There are redirect cycles. This happens in every Wikipedia snapshot; and usually they are repaired soon after. But as Wikipedia is constantly changing, every snapshot has some oddities and errors, including articles where the contents have been vandalized or removed, and cyclic redirects.
Parsing Wikipedia is a pain. We're currently using a number of crude regular expressions,
because many of the parsers around (e.g. the Lucene Wikipedia parser) are even worse.
Wikipedia doesn't have a very clean or well-designed syntax; it has grown over the years.
It's much more complex than you might think, because of various nested structures. You can
have templates such as info boxes, which contain image links, which contain
templates, which contain links again... there also is a template for the music
"sharp" symbol, ♯: {{music|sharp}}
, used in various places. And so on.
If you are looking for a powerful parser, please go to this site instead: Alternative MediaWiki parsers
We're really trying only to get the main 99% of Wikipedia contents, and we're okay with losing 1% of it.
I've tried hard to make the implementation fast and efficient, but there is always room for improvement. Currently, the first phase takes around 2 hours on my desktop PC. This is acceptable for all my needs.
Some routines that were taking up excessive amounts of time (such as - unfortunately - replacing HTML entites using Apache Commons Lang3) have been wrapped into more efficient implementations.
We are using a streaming XML parser, as you cannot just build a DOM tree from a 10 GB compressed (48.7 GB decompressed) file...
Note: this implementation may need 24 GB of RAM to run, because we keep a lot of data in memory, and sort it at the very end when writing.

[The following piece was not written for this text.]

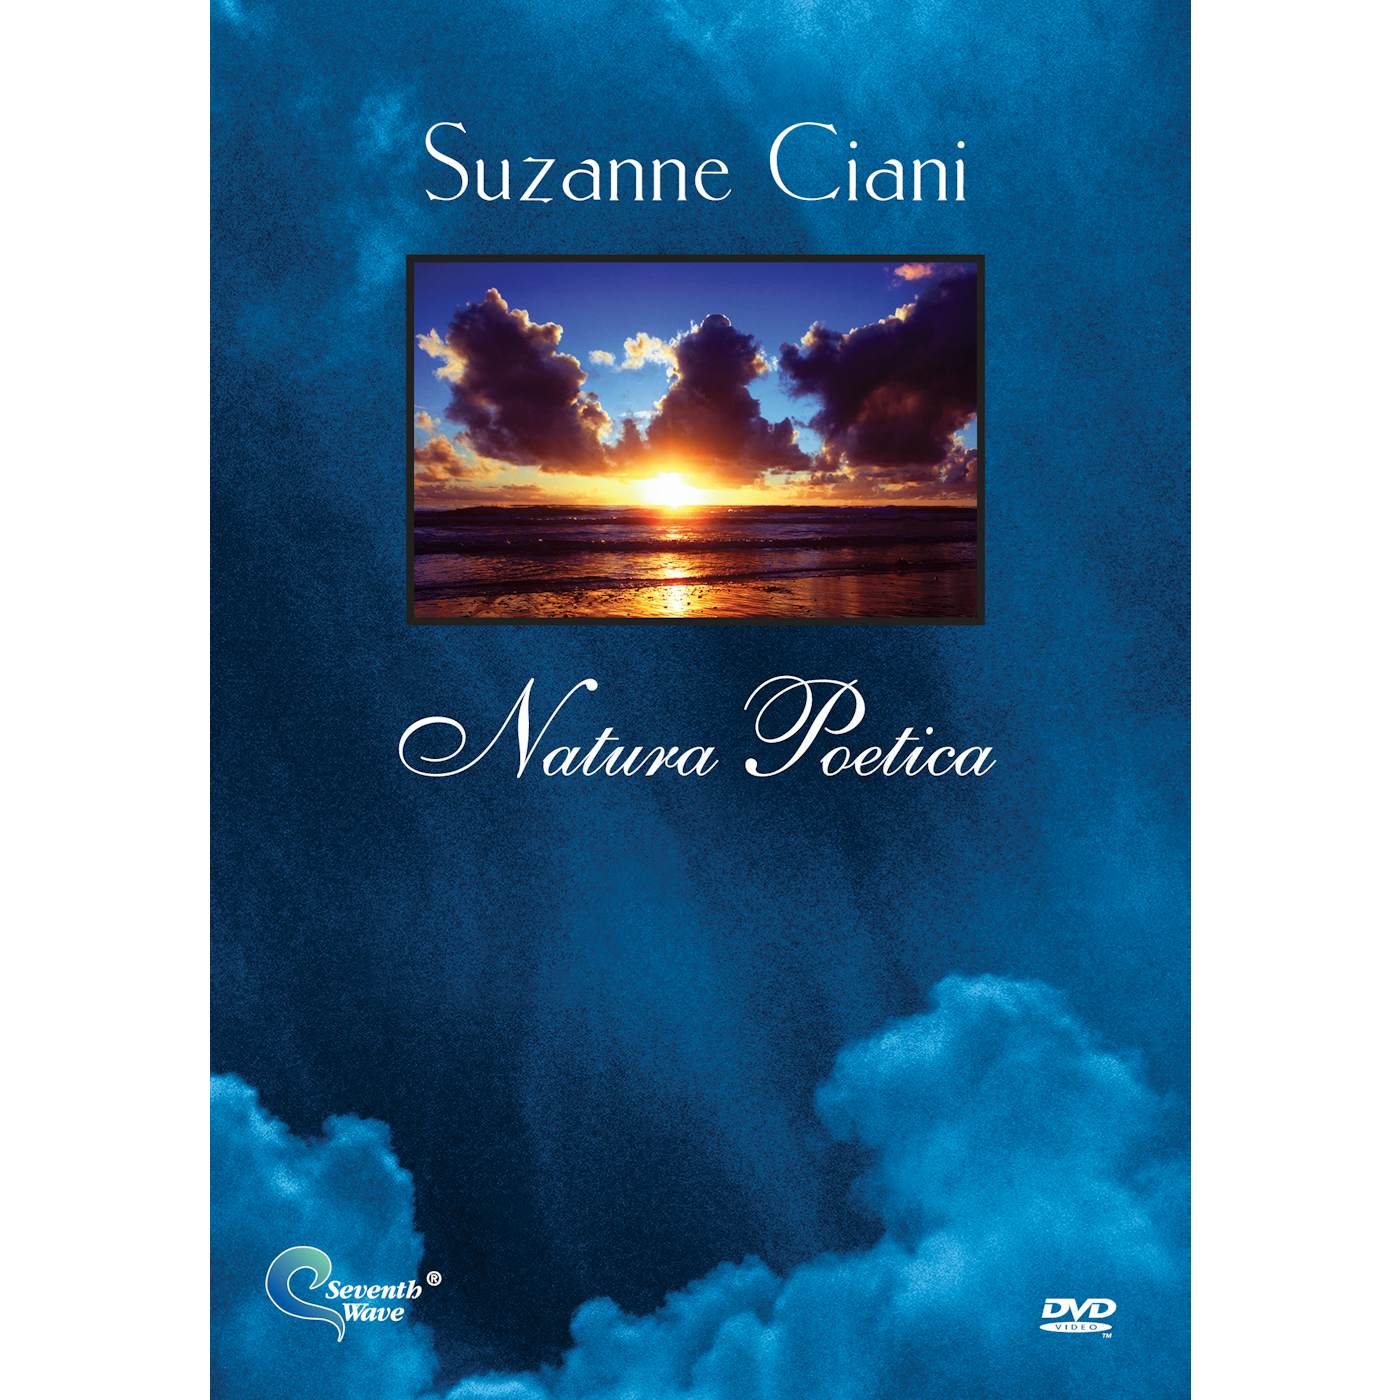 Suzanne Ciani NATURA POETICA DVD

By splitting the process into a third (sorting) phase, memory usage could be reduced. But given the size of the Lucene index (15 GB), extra memory will also improve runtimes a lot.
While the use of external libraries yields to a mess in many projects ("jar hell"), we rely a few of them in this project:
-
Apache Commons Lang3, despire the performance issues, for parsing HTML entities (but we wrote our own, much faster, matcher)
-
Apache Commons Compress, for BZip2 decompression
-
Lucene 5, for full text indexing
-
Fastutil, which offers high-performance collections for primitive types (and helps keeping memory usage in control).
This project is AGPL-3 licensed. This will likely make your commercial lawyers unhappy. You should never need to incorporate this source code into a commercial product, but if you need we can talk about this. Note that GNU Trove is LGPL licensed.
Copyleft is a viable way for collaborative software development. The best proof is called Linux. Companies trying to persuade you to choose Apache and BSD licenses often just want to be able to incorporate all your work and not give back ever; this defeats the purpose for anything but low-level libraries.
This is "tit for that"-ware. Because I make my code available, you should also make your improvements available.